#### Information provided
::::

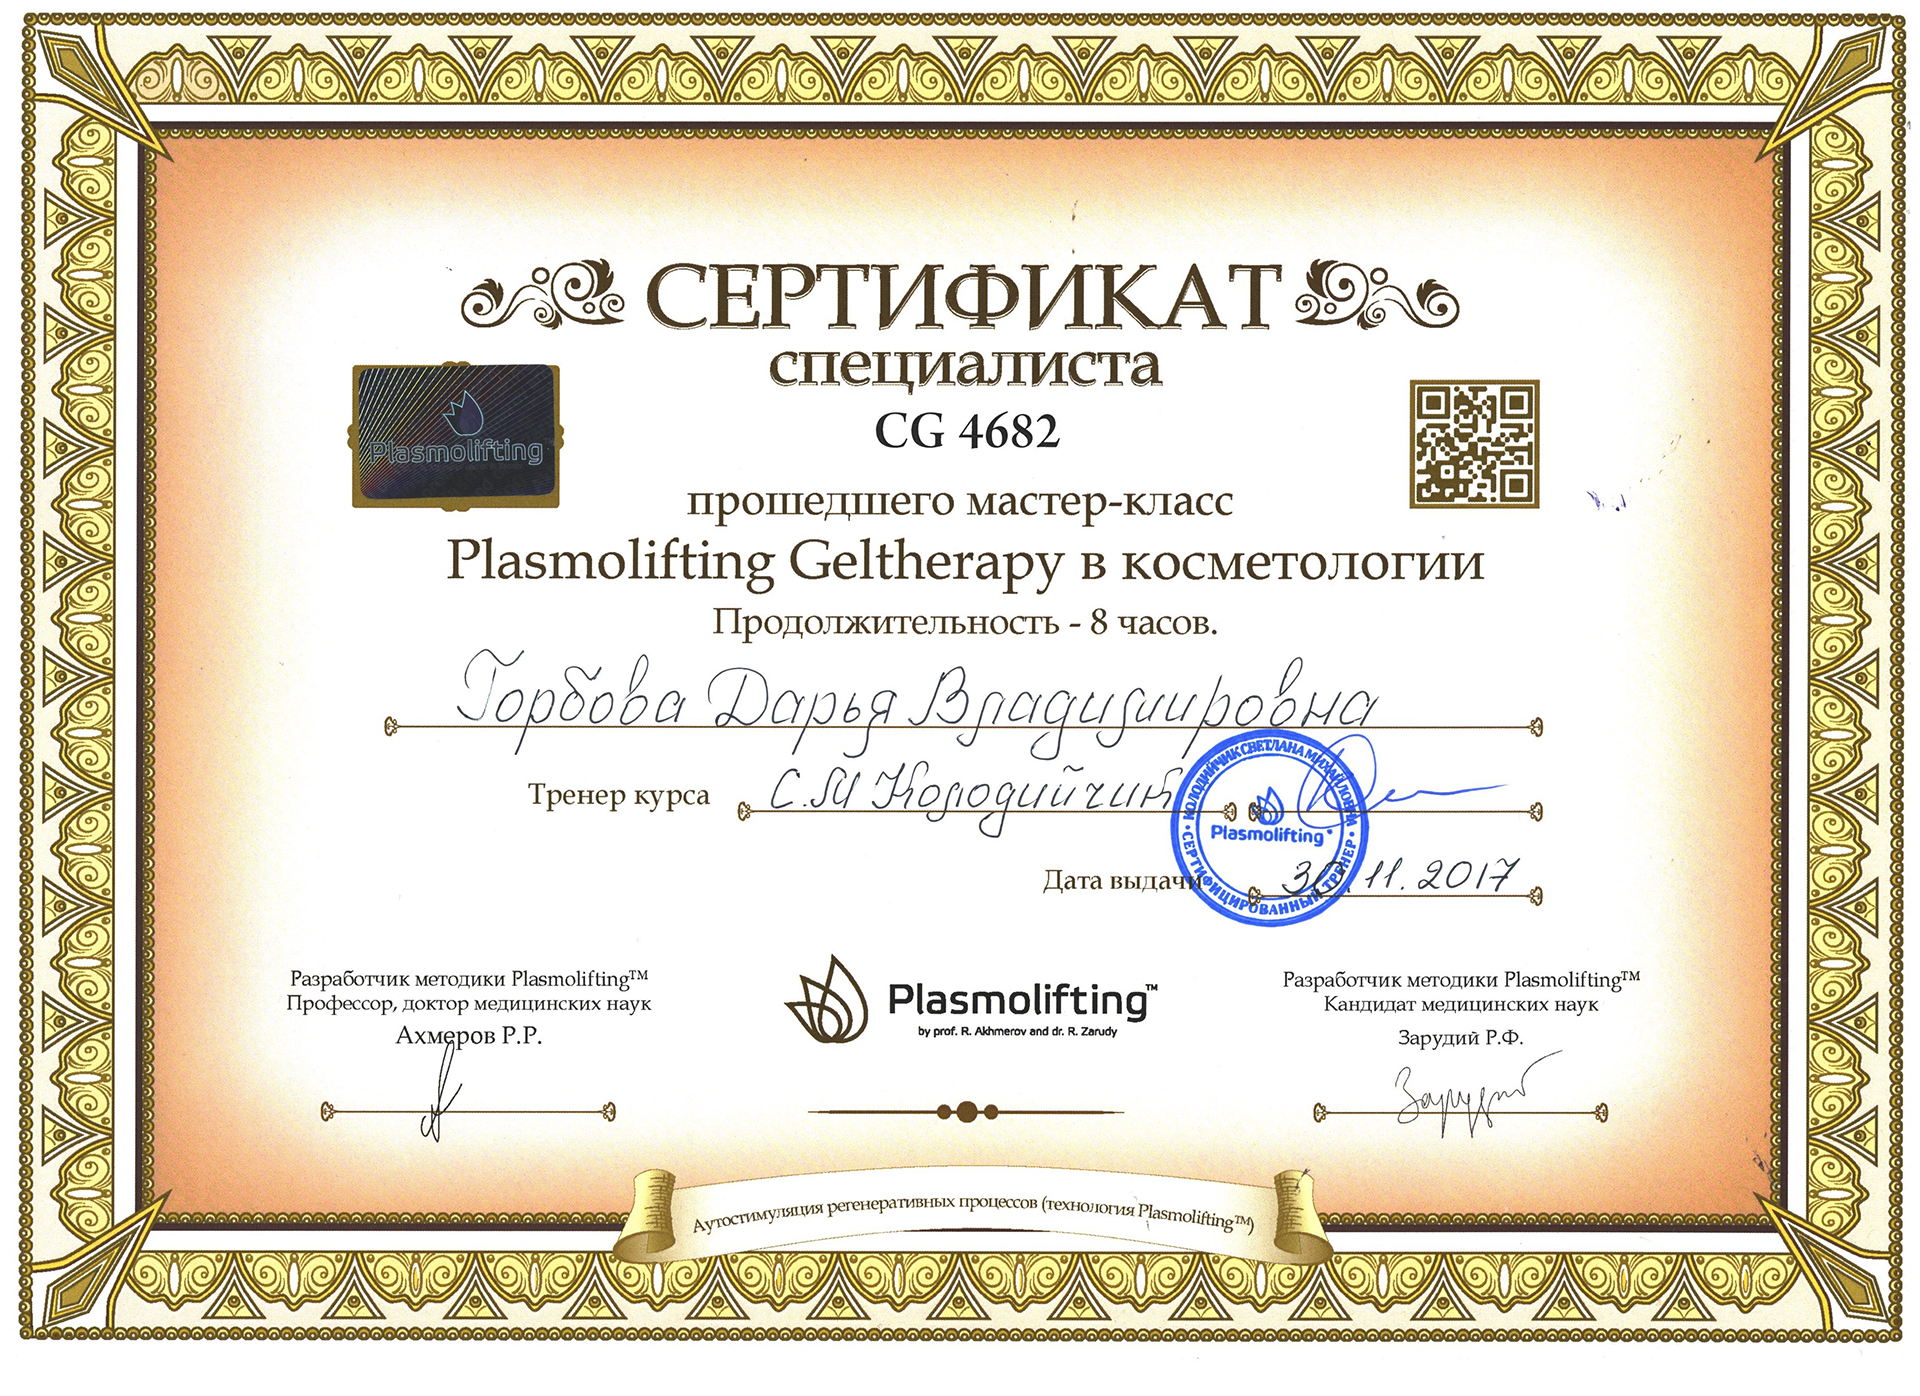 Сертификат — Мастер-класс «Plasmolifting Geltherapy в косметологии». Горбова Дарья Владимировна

::::

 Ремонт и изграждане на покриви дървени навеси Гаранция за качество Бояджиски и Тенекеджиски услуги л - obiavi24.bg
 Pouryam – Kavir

::::

#### Your instructions
Extract from the listing above the lines between the line containing "Ремонт и изграждане" and the line containing "Pouryam – Kavir", keeping both of those lines. Output nothing else.

#### Answer below
 Ремонт и изграждане на покриви дървени навеси Гаранция за качество Бояджиски и Тенекеджиски услуги л - obiavi24.bg
 Pouryam – Kavir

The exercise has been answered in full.